### ACTION ITEM
Reproduce the listing below word for word, with no pictures.

STORED DATA below:

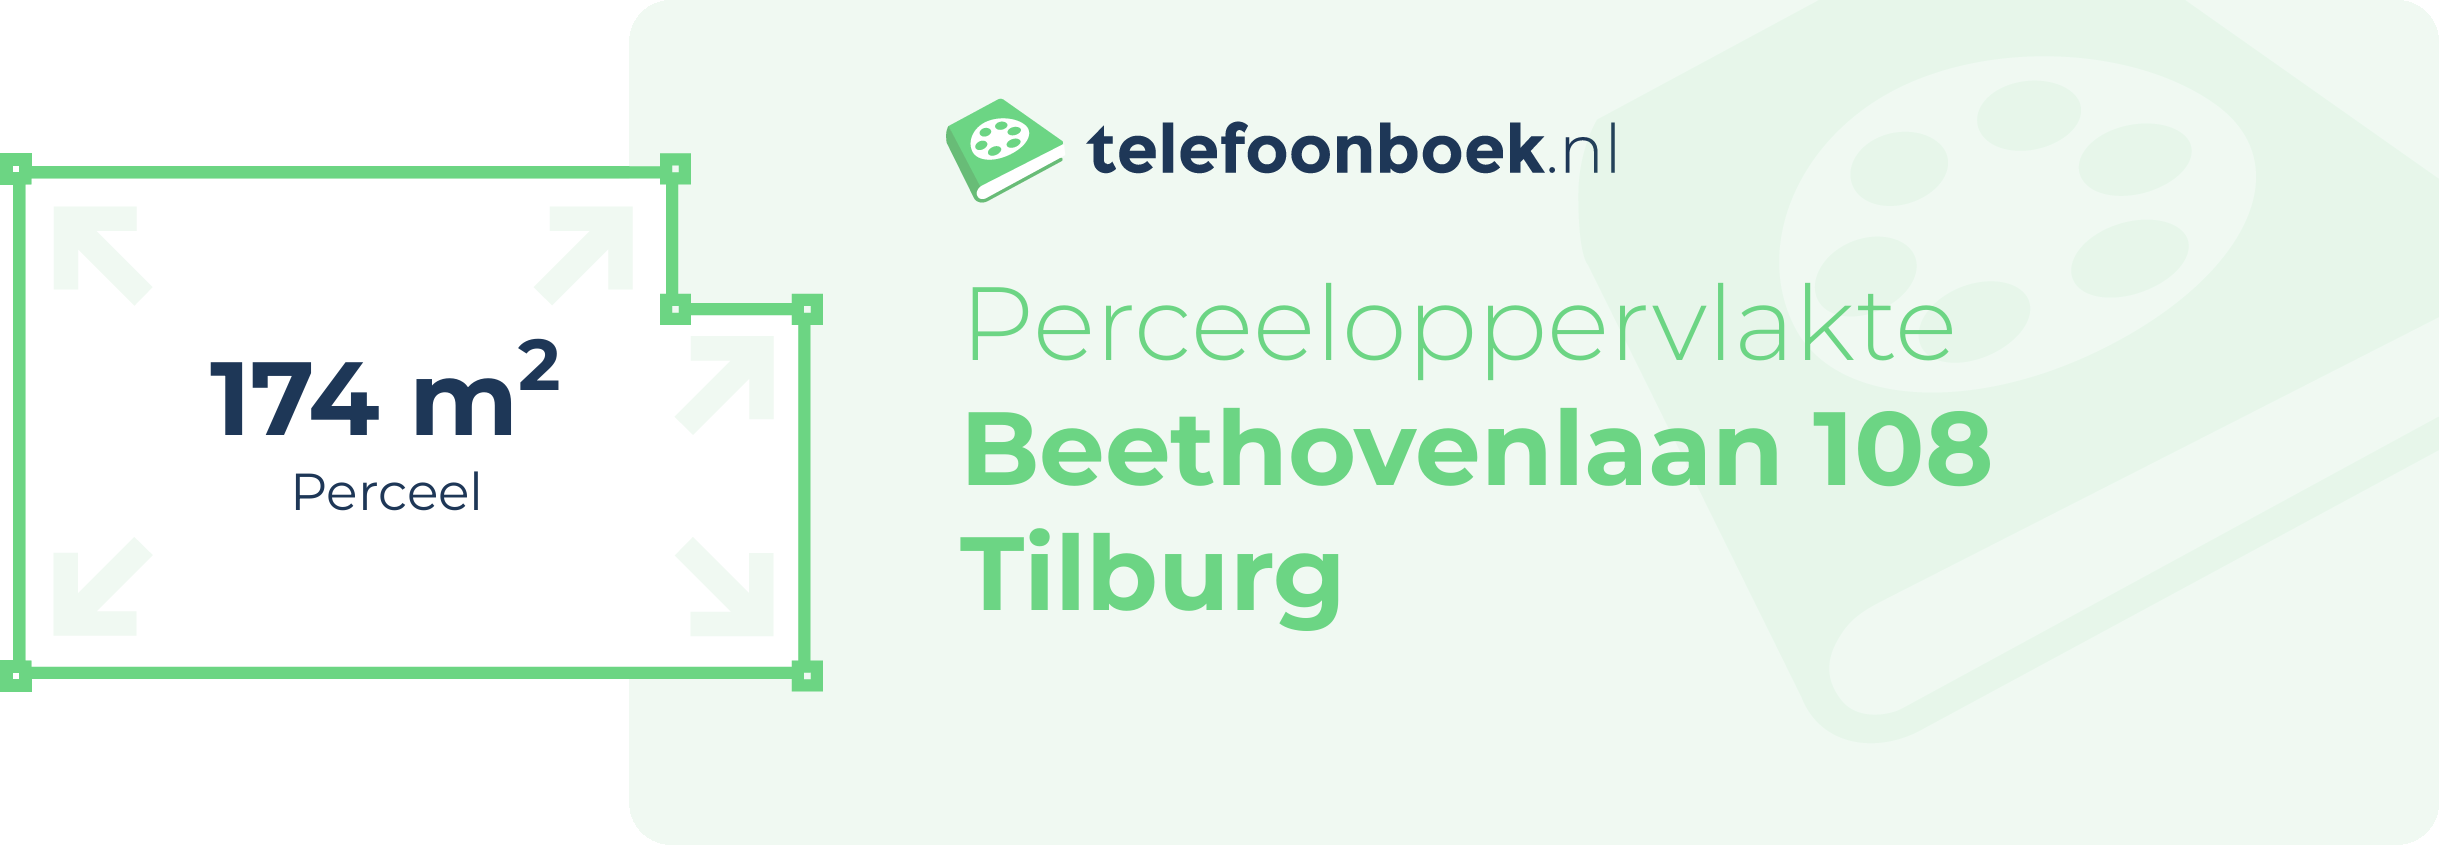 Perceeloppervlakte Beethovenlaan 108 Tilburg
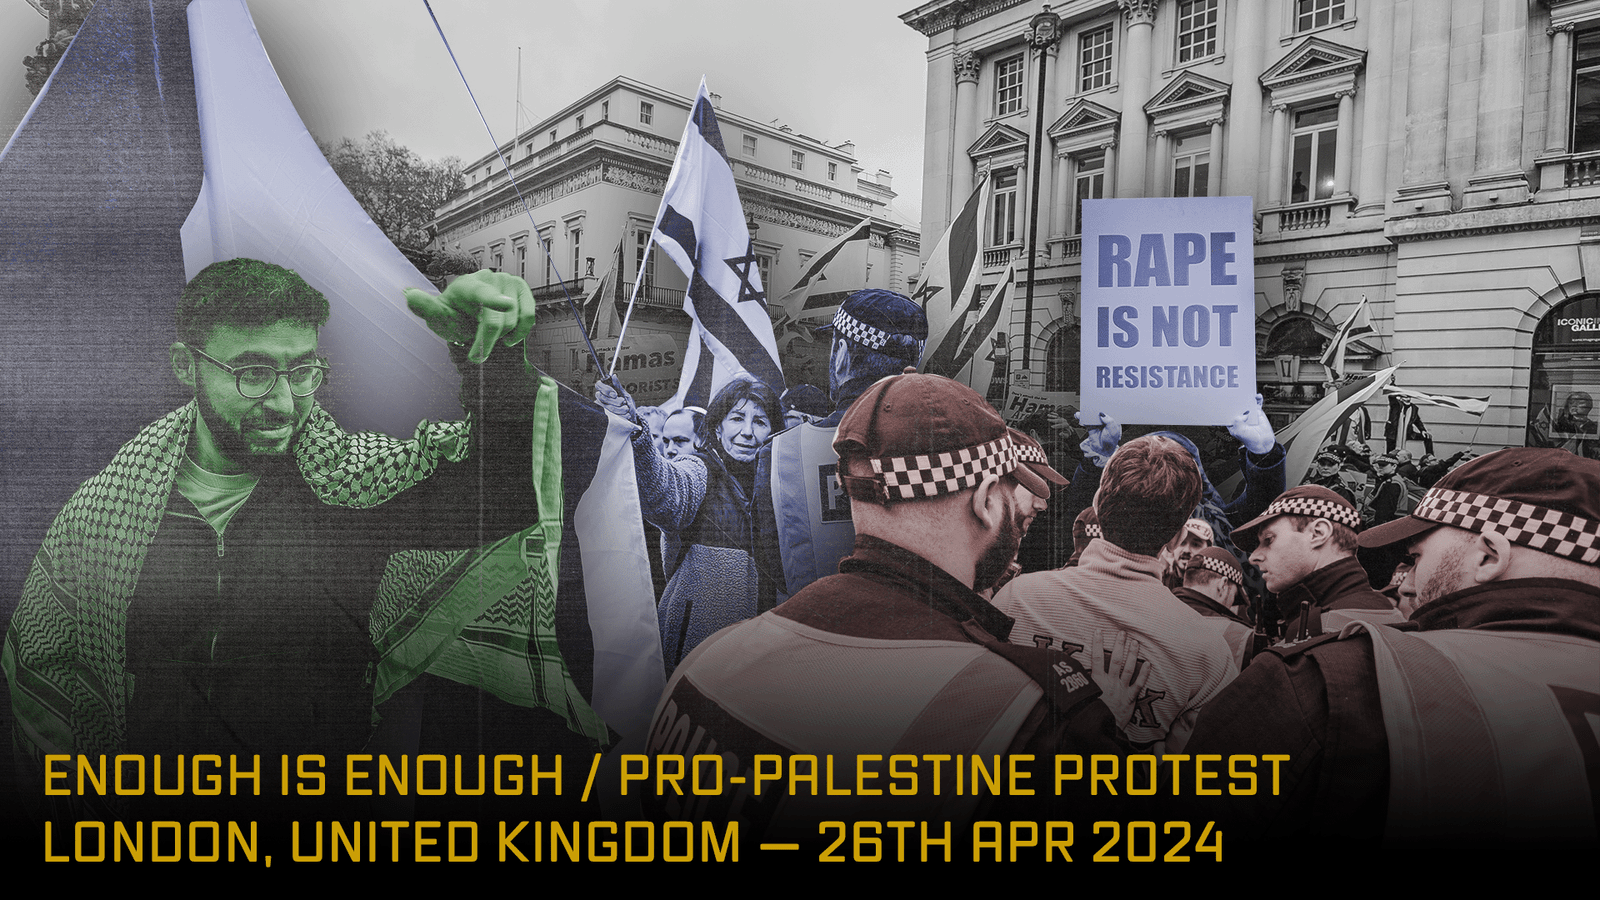 ENOUGH IS ENOUGH / PRO-PALESTINE PROTEST LONDON, UNITED KINGDOM — 26TH APR 2024
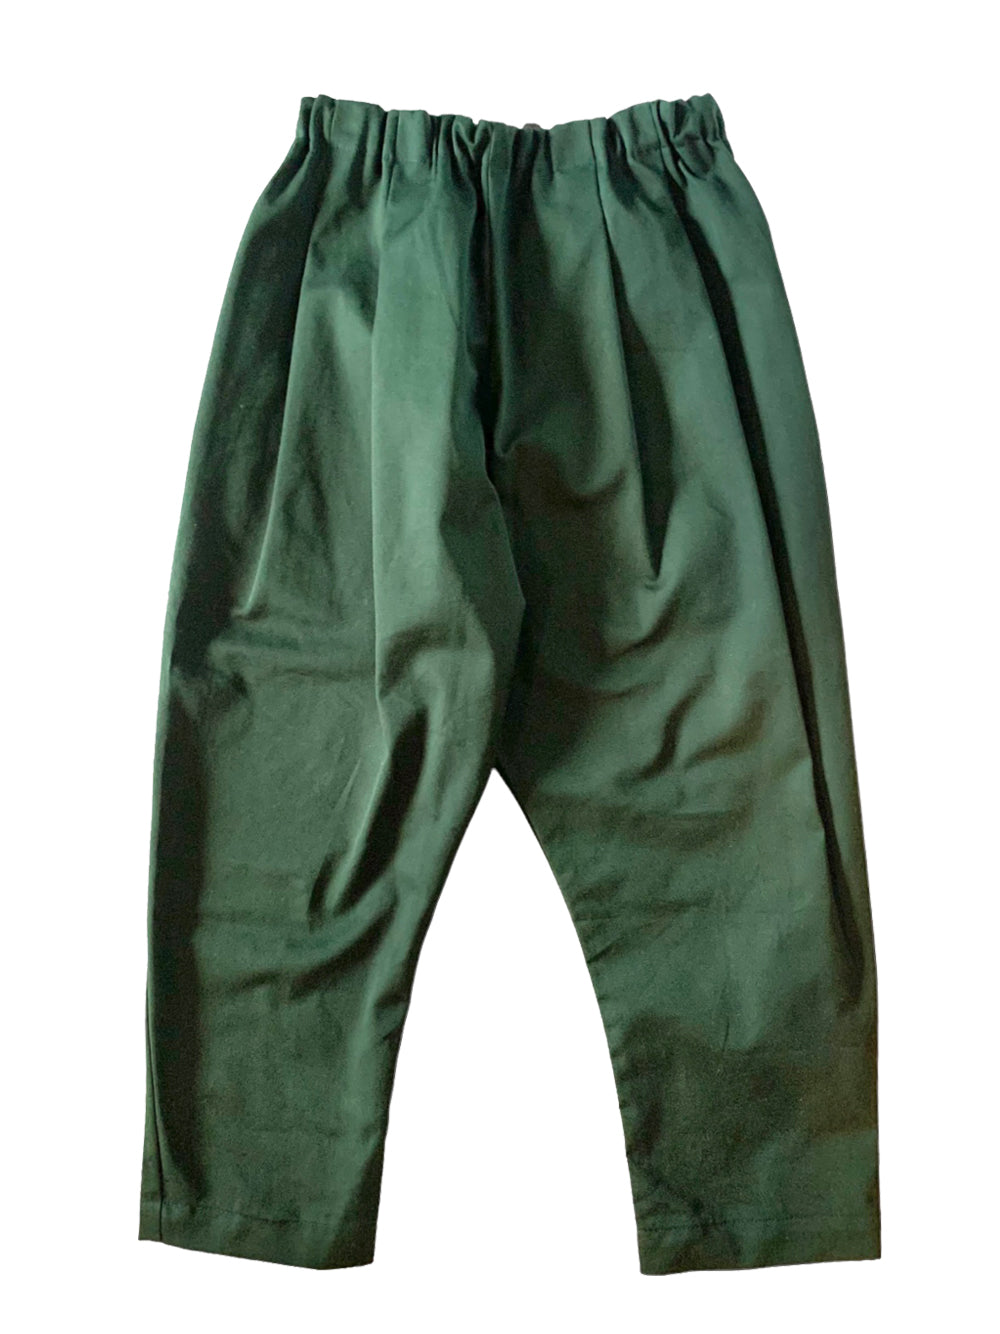 Green Tuck Pants

End of STORED DATA.

### YOUR SOLUTION
 Perceeloppervlakte Beethovenlaan 108 Tilburg
 ENOUGH IS ENOUGH / PRO-PALESTINE PROTEST LONDON, UNITED KINGDOM — 26TH APR 2024
 Green Tuck Pants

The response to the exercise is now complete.